不解决这个问题,哪怕风漪暂时压制住了一切,也肯定是会反弹的,毕竟哪个人会没有野心?而这种人一旦上位,为了稳固自己的权利,自然就会打压另一方,这样一来就又是重走老路了。

因为这是个玄幻世界,所以风漪一开始有想过,能不能实现体外生子,也就是把胎生变成卵生,但后来看到男子国的人,风漪又生出了另一个想法,那就是将怀孕这件事让渡给男人,让他们来十月怀胎。

毕竟,如果总有一个人得因为怀孕而不得不被暂时绊住脚步的话,那为什么不能是男性?

然而想要做到这一点也是很难的,至少在风漪所学过的生理知识中,男性是没有哪个器官能被改造成可以孕育生命的,因此自然而然的,风漪就盯上了男子国。

如果他们也跟女阴一样,怀孕的方式不那么科学的话,那这个问题自然就迎刃而解了,但也有一种可能是他们其实就是普通人,怀孕的程序也跟普通人一样,只是在女方生下孩子后会将男孩带回国内,而女婴则送给别人,这种可能性虽然小,但也不是不可能,不过女阴派出去的人并没有发现有这样买卖人口的部落国家存在,因此这种可能性还是很小的。

但这种可能性也不得不防,毕竟总得做好最坏的打算。

如果真的是这样的话,那她们就只能在神井上下功夫了,女阴的神井是能让外族人怀孕的,具体的步骤就是她们在经历了重重考验后,被赋予上图腾,饮下神井的水,根据当事人的虔诚、对女阴的信仰程度,基本几年到十几年不等就能正常怀孕。
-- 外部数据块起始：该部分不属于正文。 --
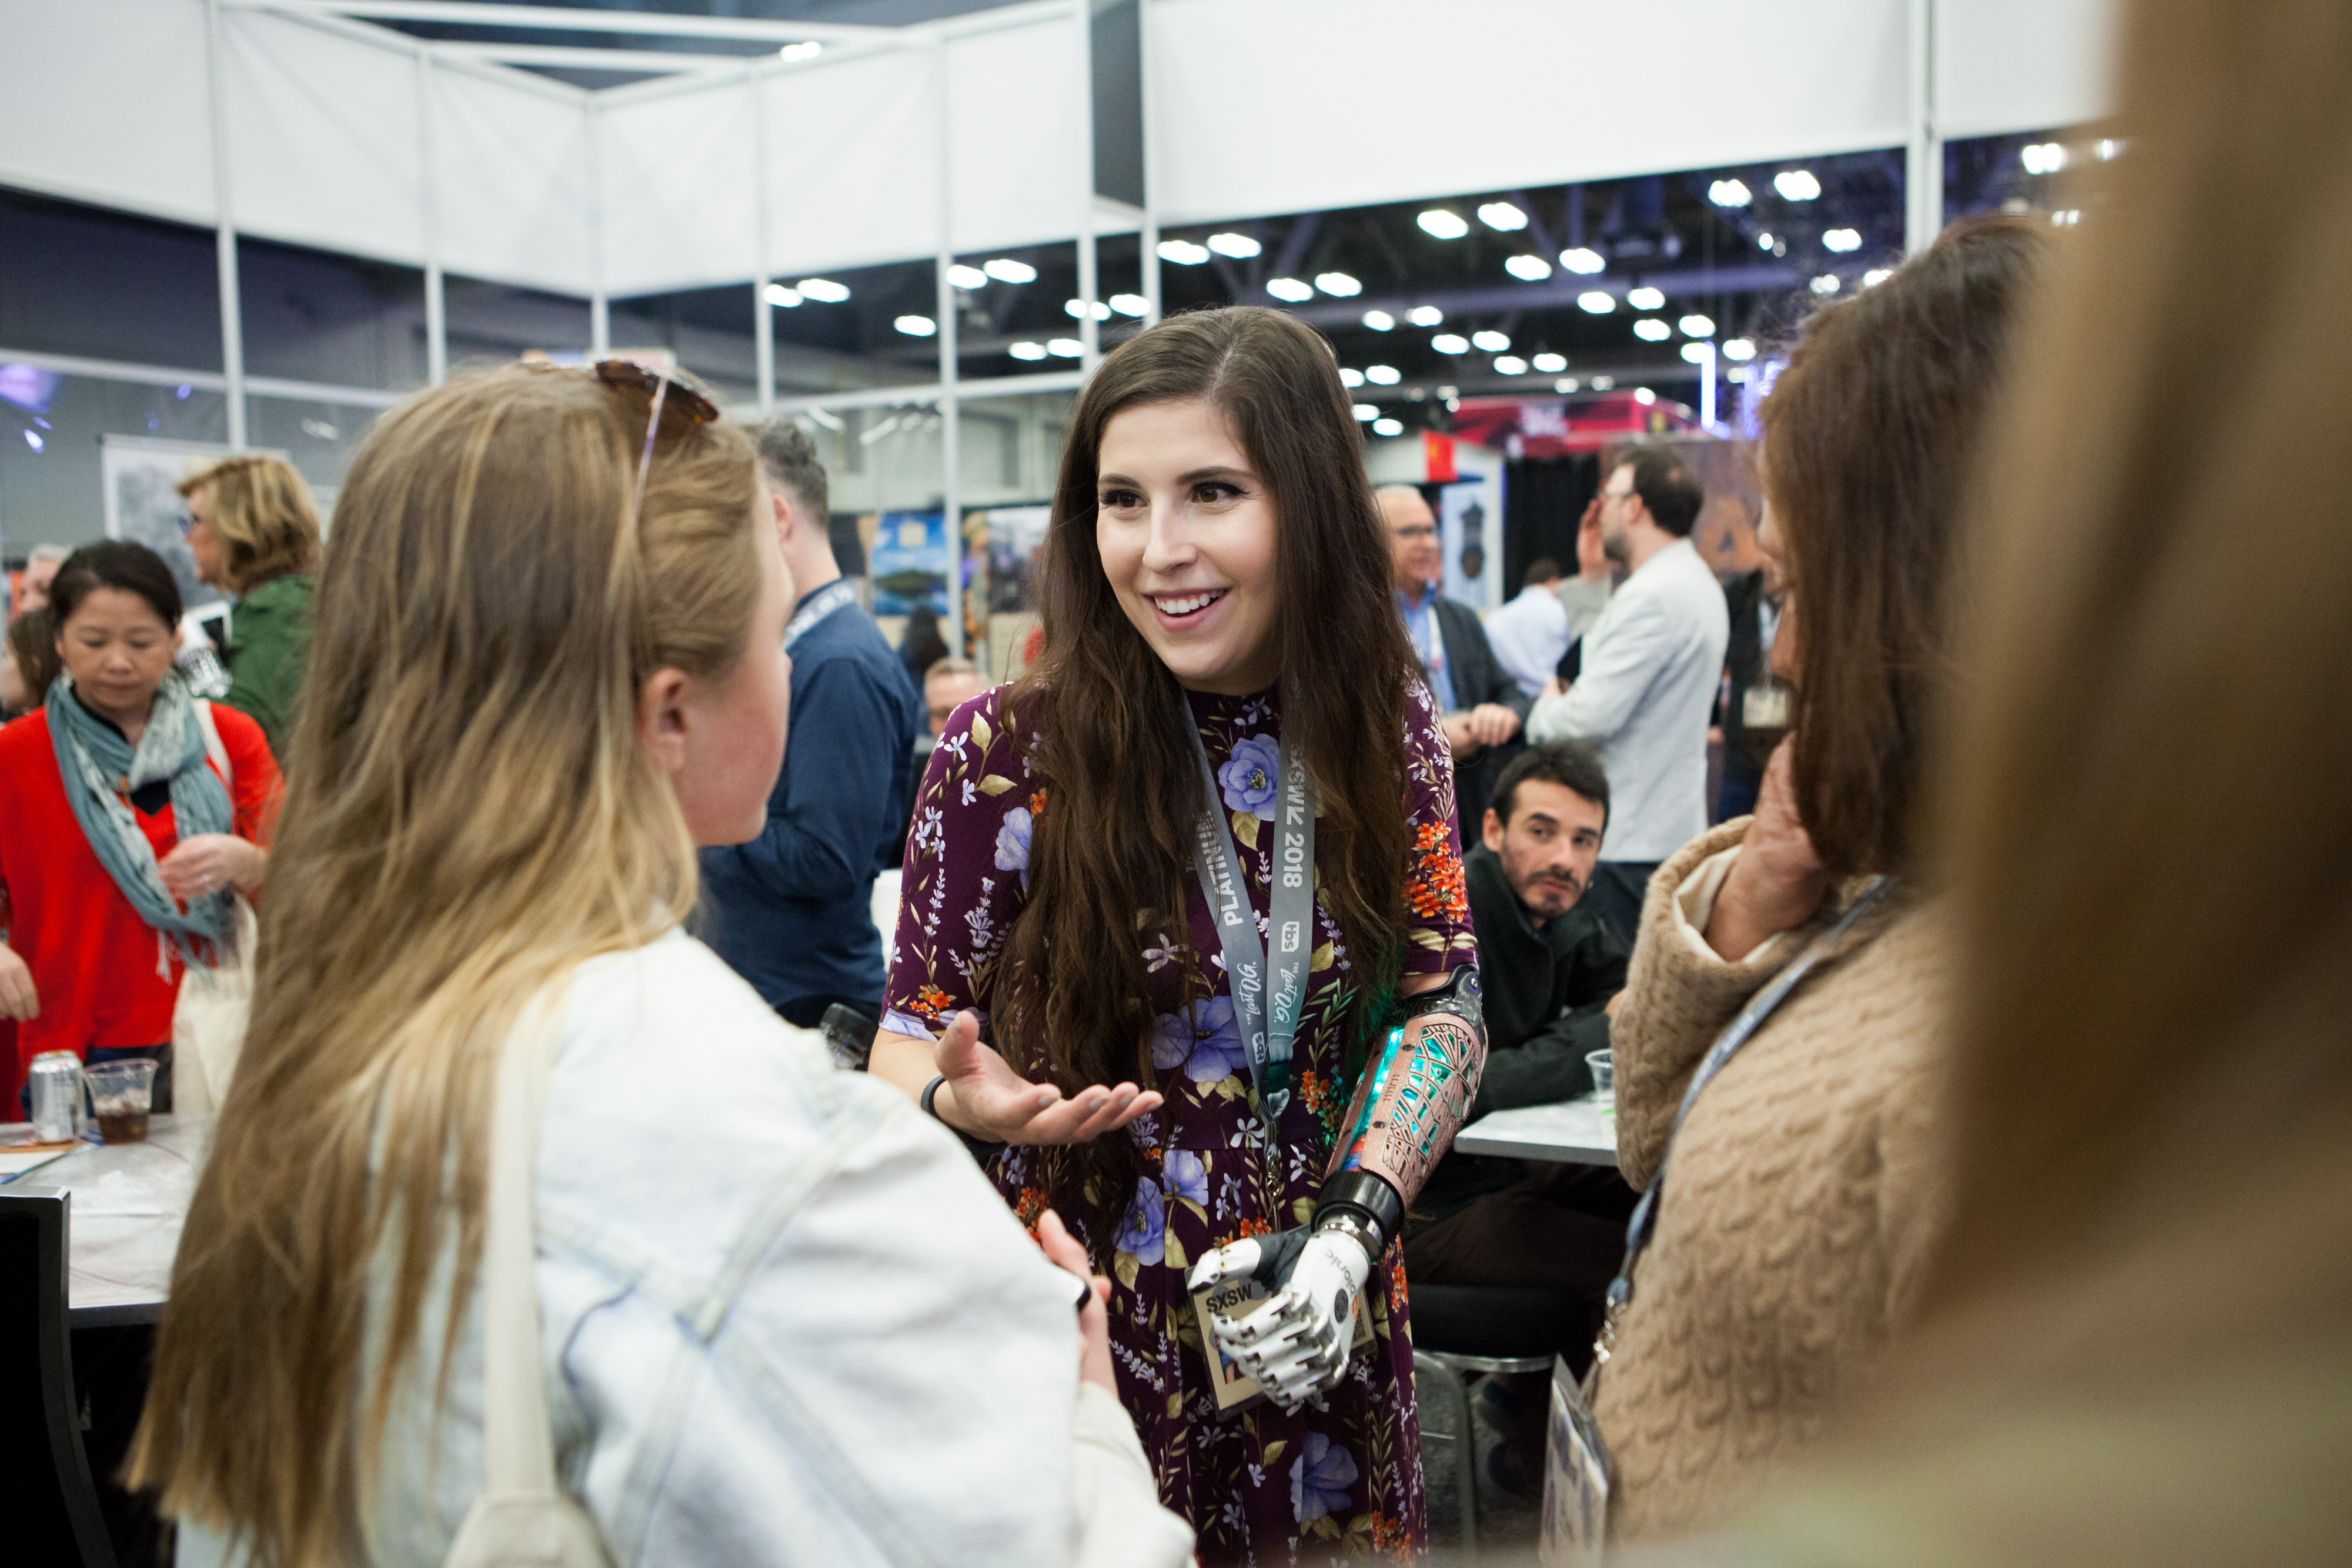 2018 SXSW Conference & Festivals | Photo by Samantha Burkardt

然而女阴从来没有拿神井去实验过能不能让男人怀孕,不能的话,风漪想走的这条路就注定困难。

她所能想到的法子,也会激起更多的反抗,且有隐患。

在风漪的设想中,如果男子国和神井都无法起到作用的话,那风漪就会选择在每打下一个地方后,就将其高层中的男性通通杀光,然后再选择强行将男人囿于‘后院’,发布些类似于女德女戒的东西让他们遵守,由女人掌家,这样扼制一段时间后,渐渐的思想觉醒必然会变得困难,也是能达到风漪的目的的。

只是这个过程中,要死很多人,且有些女性也未必能接受,因为很多势力都已经完成了由女尊到男尊的过度,身体的进化也自然而然有所偏向,所以这种制度一开始施行下去时,不仅很多男人会死,女人也会因为无法保证自己日常所需的钱财而死,且因为最关键的怀孕问题没有解决,隐患依然存在。

因为这种时候,要么是提前囤够了钱和粮食才能生产;要么选择让男人去打工挣钱;要么就只能让国家出钱,让她们暂时度过这一段难熬的时光。

以当下的生产力来说,只有第二种才有可能实现,然而风漪毫不怀疑,哪里有压迫哪里就有反抗,这种情况下,那些人未必不会趁着这种情况联合起来推翻统治,并不安全。

思想加暴力控制加怀孕解放,只有这三者能三线并行时,她的想法才有实现的可能,不然她就只能期望自己活得久一点,继任者实力和思想也不拉垮,只有这种情况下,才有可能无止境的杀杀杀,杀到他们青黄不接,杀到他们再生不起反抗的心思,以一种更极端的方式达成她的目的。

风漪当然很清楚,任何变革都是会导致死人的,但太过惨烈的场面也不是她想要看到的,毕竟这种事不仅外人会有伤亡,自己人同样也会死不少。

所以风漪还是很希望此行能得到一个让她满意的结果的。

……

…………

鰕姑人并不知道自己已经被盯上了,他们赶路的速度很快,在离开女阴后,便立马潜入了水下,嘴巴开合间会吐出一些零碎的气泡,但却并没有因此而呛水,更未曾在水里发出声音,确切的说,是一种普通人没法捕捉到的、很难被听到的声音。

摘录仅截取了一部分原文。